В каждом нормальном обществе согласованно взаимодействуют законодательная, исполнительная и судебная власть; подобно этому, в психике каждого человека как бы растворены три уровня смысловых ориентаций существования: эгоцентрический, группоцентрический и просоциальный. Ни один из них нельзя выделить в чистом виде, но в реальной жизни каждый из них уравновешивает другой и не позволяет единовластно доминировать какому-нибудь одному, в противном случае может развиться тяжелая душевная аномалия. Взаимодействие же этих уровней лучше всего проявляется главным образом в повседневной деятельности.
Спору нет, мы привыкли считать, что личность формируется и проявляется именно через деятельность и других путей формирования и реализации себя у нее нет. Но можно ли саму личность сводить только к этому, без всякого остатка, или она все же представляет собой нечто большее? Индийские свидетельства о взаимодействии человека и человека, человека и общества заставляют уверенно отстаивать второе.
Вряд ли кто-нибудь станет отрицать, что существенной характеристикой человека во все времена и у всех народов было ценностное отношение к происходящему, и прежде всего – к другому человеку. Как считал замечательный психолог С.Л. Рубинштейн, «первейшее из первых» условий жизни человека – это другой человек и «сердце человека соткано из его человеческих отношений к другим людям». В самом деле, самосознание человека, пожалуй, нельзя сводить только к «заочной правде» о себе. Одна из лучших современных западных формул человека была высказана М. Бахтиным, считавшим, что человек не равен самому себе. По его мнению, подлинная жизнь личности совершается как бы в точке его несовпадения с самим собой, в точке выхода за пределы всего того, что человек представляет собой как вещное бытие: «Подлинная жизнь личности доступна только диалогическому проникновению в нее, которому она сама ответно и свободно раскрывает себя. Правда о человеке в чужих устах, не обращенная к нему диалогически, то есть заочная правда, становится унижающей и умертвляющей его ложью, если касается его „святая святых“, то есть „человека в человеке“».

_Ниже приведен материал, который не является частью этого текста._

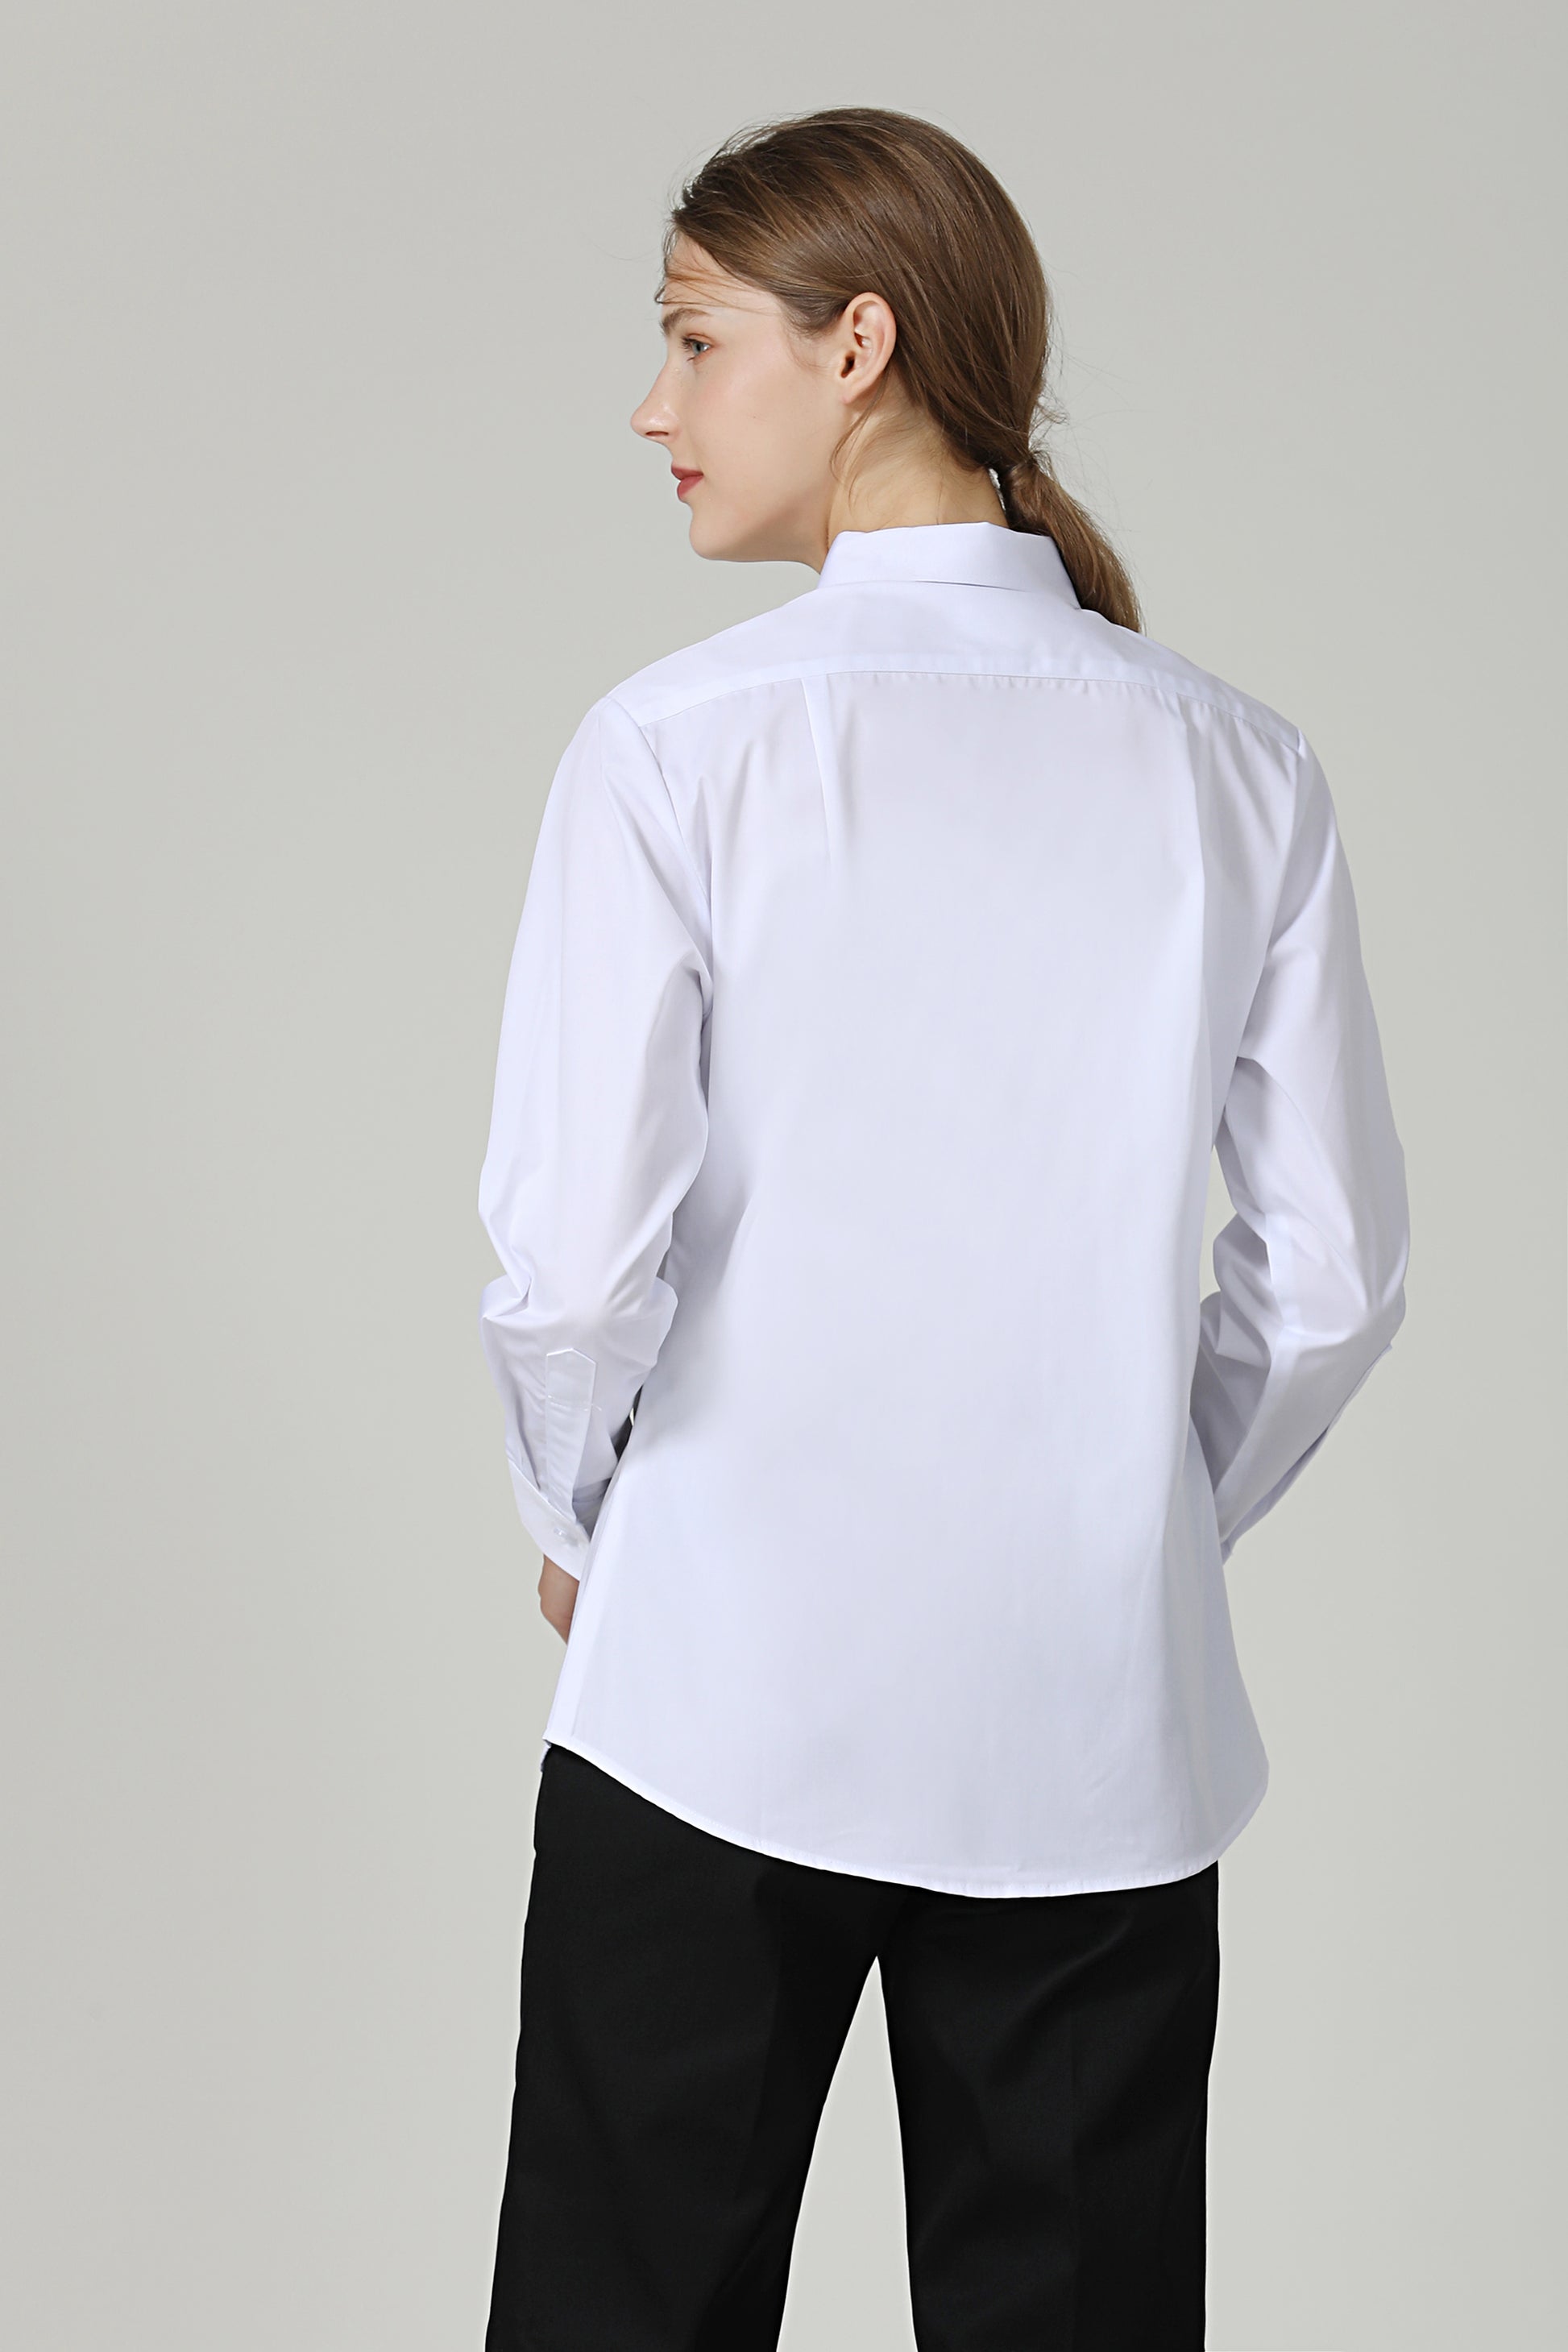 Service Shirt L|S, Female, White - Green Chef Wear
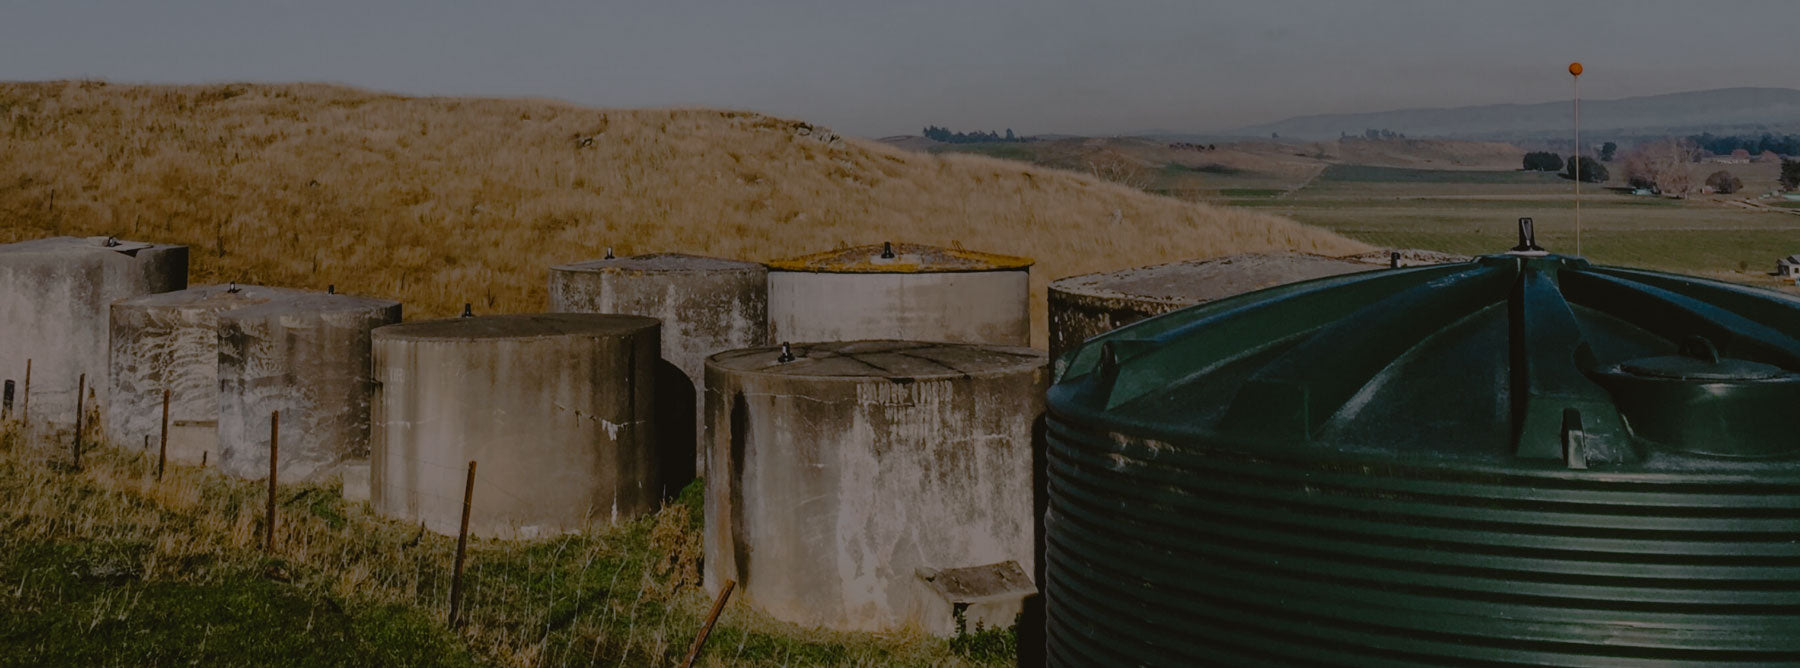 A rural water tank scheme

Илл. 103. Слон на главной улице Джайпура, шествующий мимо дворцовые зданий Чандра Махал, в число которые входит знаменитый на весь мир Хава-и-Махал, Воздушныш дворец. Фото А.М. Дубянского
В этой связи особенно важным кажется просоциальный смысловой уровень личности, который обычно расценивается как высшее проявление родовой сущности человека. Как правило, этот уровень задан не самим человеком, а той культурой, в которой растворено все его повседневное бытие. На эту тему можно много и долго рассуждать, но нам важно отметить следующее. Все особенности образа жизни, который вели и ведут индийцы, выступают как потенциальные возможности для их личностного развития. И потому качественная суть культуры, в которой они существуют, состоит прежде всего в том, какое пространство выбора она им предоставляет. Об этом и пойдет речь в следующей части книги. Давно выяснено, что у нашего мышления есть много функций, и одна из них – обеспечивать возможность приспособления на уровне поведения и при этом сохранять комфортную, неоскорбительную для человека самооценку. Так обстоят дела в любом обществе, но требуемое обеспечение достигается разными путями. А что же в Индии? В каком идеологическом пространстве проходит жизнь индийца? Какие ценностные ориентиры для него важны? Что служит психическими основаниями индивидуального бытия? Автор и сам хотел бы как следует разобраться в этом вместе с внимательным читателем. Но сразу же стоит подчеркнуть, что первостепенное для индийца – его внутренняя реальность, и она есть главный предмет его религии, сквозь призму которой он смотрит на жизнь и которая является свидетельством многовековой творческой работы национального духа.